Yahoo! Pipes is something I gave a look to back when it was released to the wild. Like many others I assume, I gave up meddling when whatever it was I was angling to do required stupendously long regex statements. However Matt 2.0 recently came fighting back and produced this RSS pipe for the webpage of a curiously interesting macro economics commentator from India. Admittedly the regex component still took up most of my time but I really don’t see how that can change, other than to pray for nice consistent, tabular web pages. Some hope.
Anyways, here is the Pipe ‘source':
4 parts to the above:
- Fetch the page, indicating start & end points and delimiter for items.
- Further chopping up of the results; data cleansing if you like.
- RSS-ify items, i.e. specify title, link & description.
- Pattern match the appropriate content into each field.
Was also going to point out how this can eleviate one of the big failings of the RSS protocol in my book, the inability to filter based on categories, but it seems there’s a recent blog (top google news result for ‘yahoo pipes’) which hits on the same point, and a few links to backgrounders & alternative methods too.

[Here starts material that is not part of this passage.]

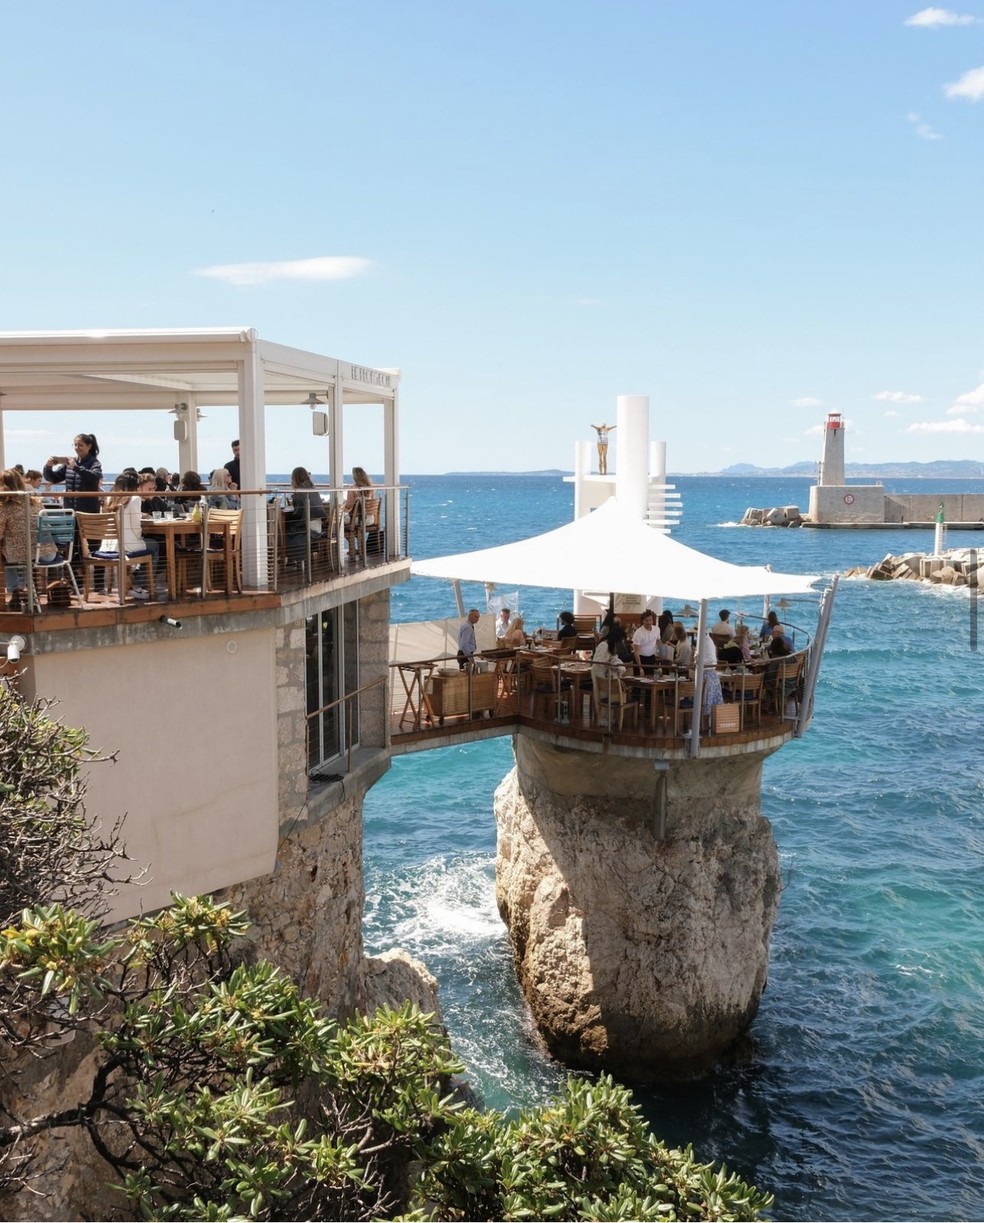 O bar e restaurante Le Plongeoir em Nice — Foto: Marion Butet

I’ve used dedicated web-scraper-cum-rss-generators in the past, which also include a version of pattern matching to structure data, but let’s be honest, as complex and seemingly unreasonable as regex is, it’s ability to interrogate even the most convoluted pages found on the web cannot be denied. And Pipes being a general platform to twist things (not just static page content) together, hopefully I’ll find greater uses for it in future.